Top of STORED DATA
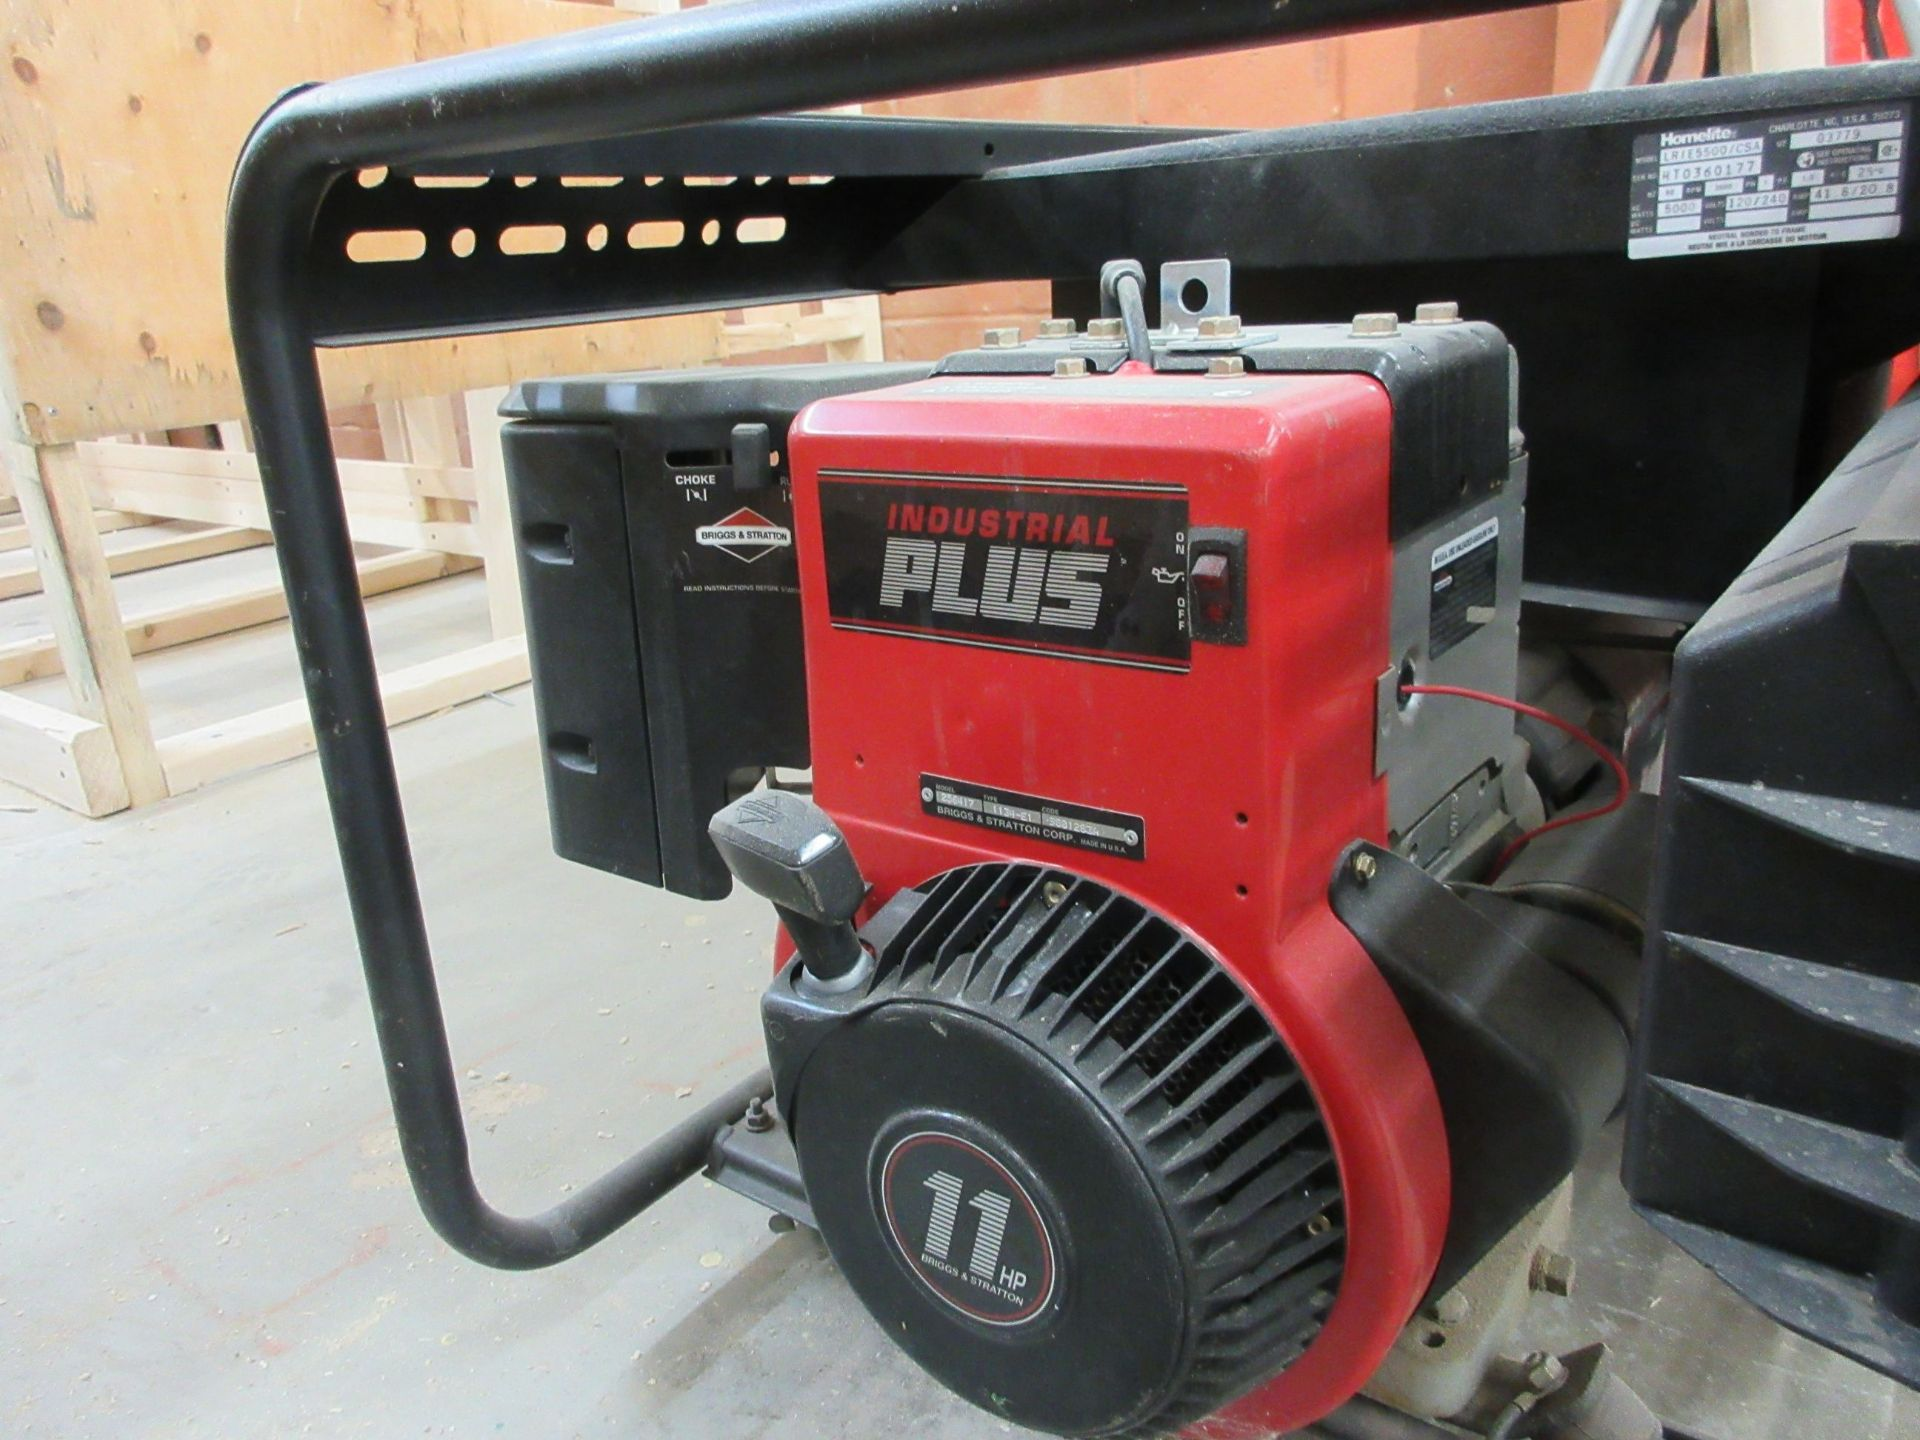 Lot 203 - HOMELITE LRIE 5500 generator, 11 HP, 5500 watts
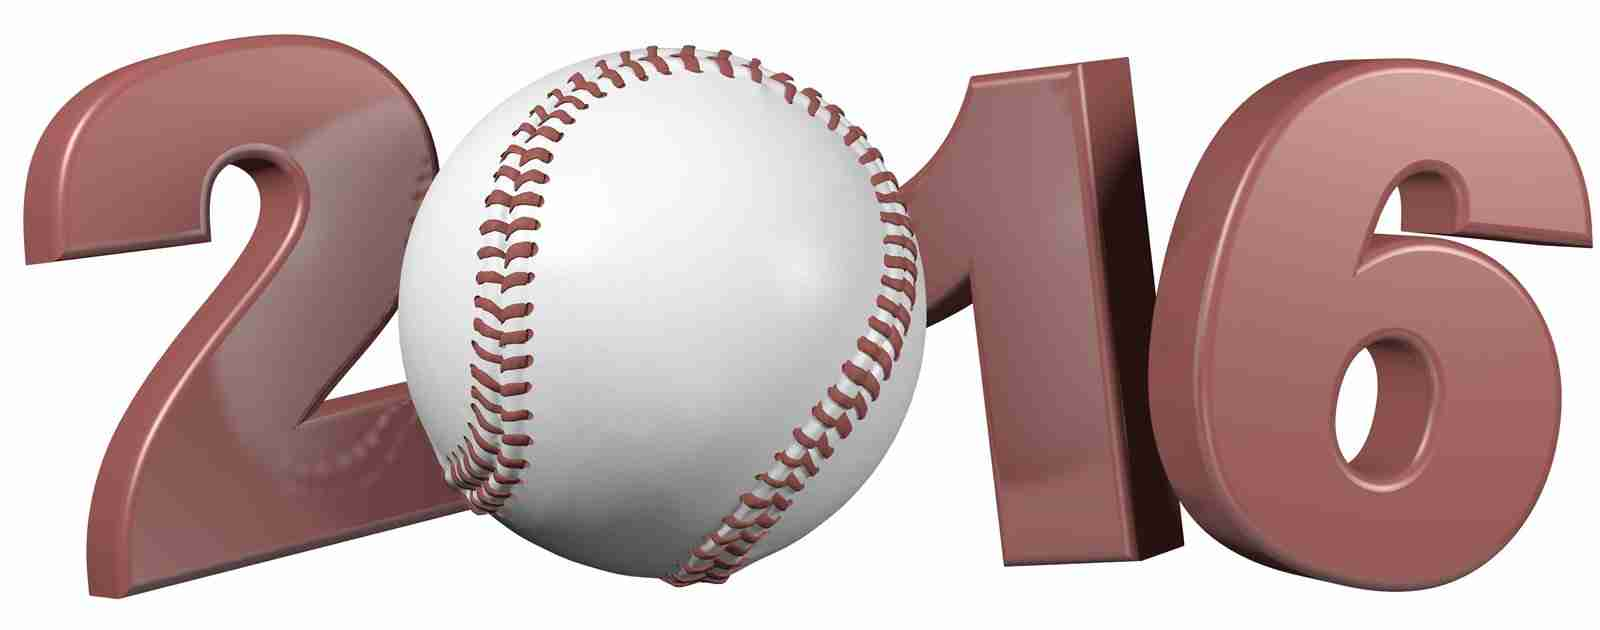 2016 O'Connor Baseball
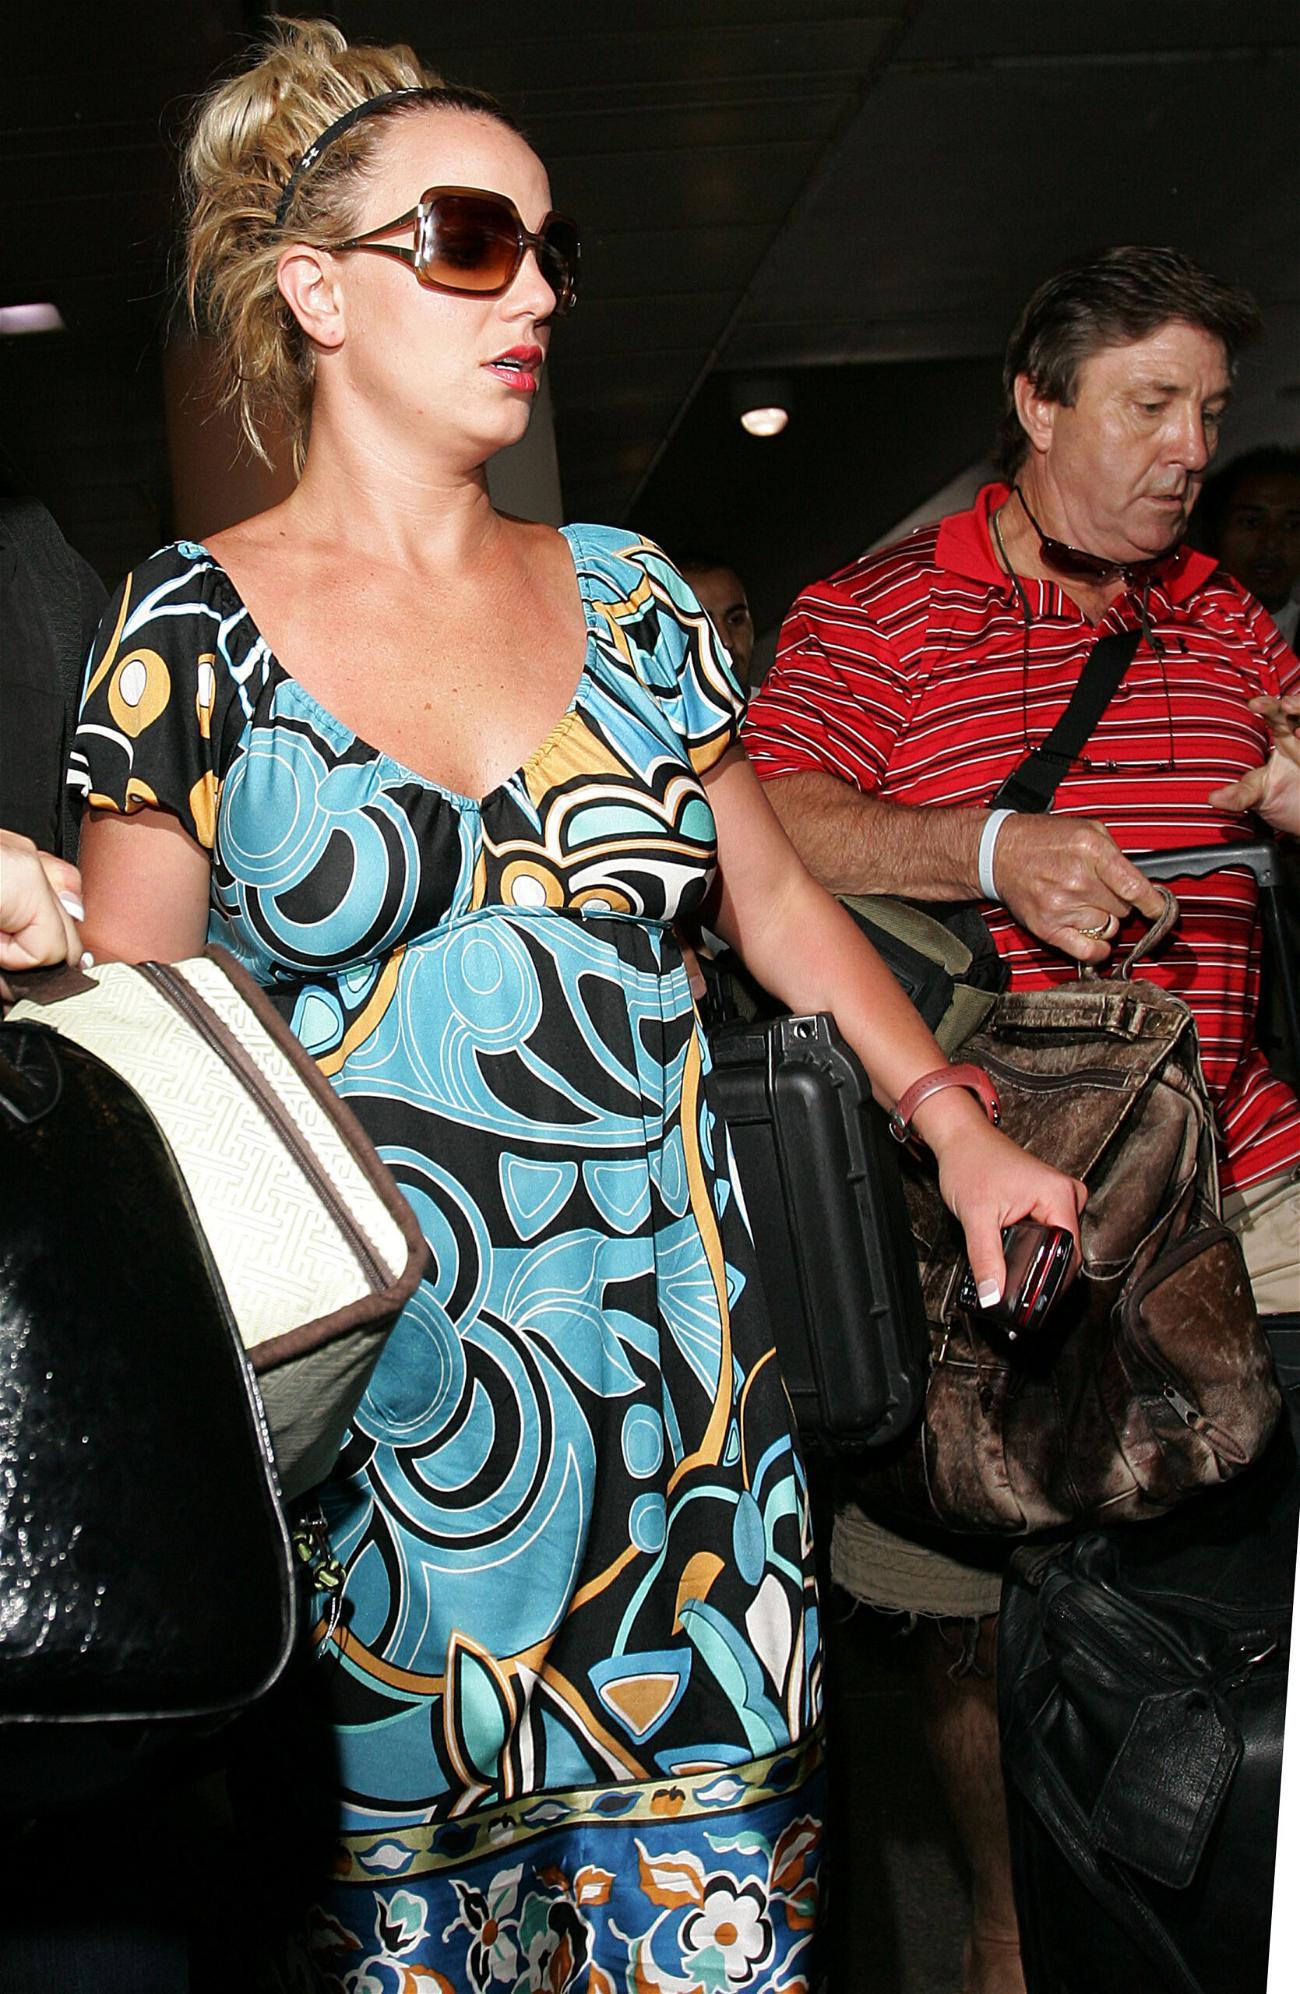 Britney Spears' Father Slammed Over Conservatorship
Bottom of STORED DATA
ABOUT THIS EXERCISE: Write the lines from the line containing "2016 O'Connor Baseball" through the last line of the data out again exactly, and only those lines; pictures stay out.

TASK RESULT:
 2016 O'Connor Baseball
 Britney Spears' Father Slammed Over Conservatorship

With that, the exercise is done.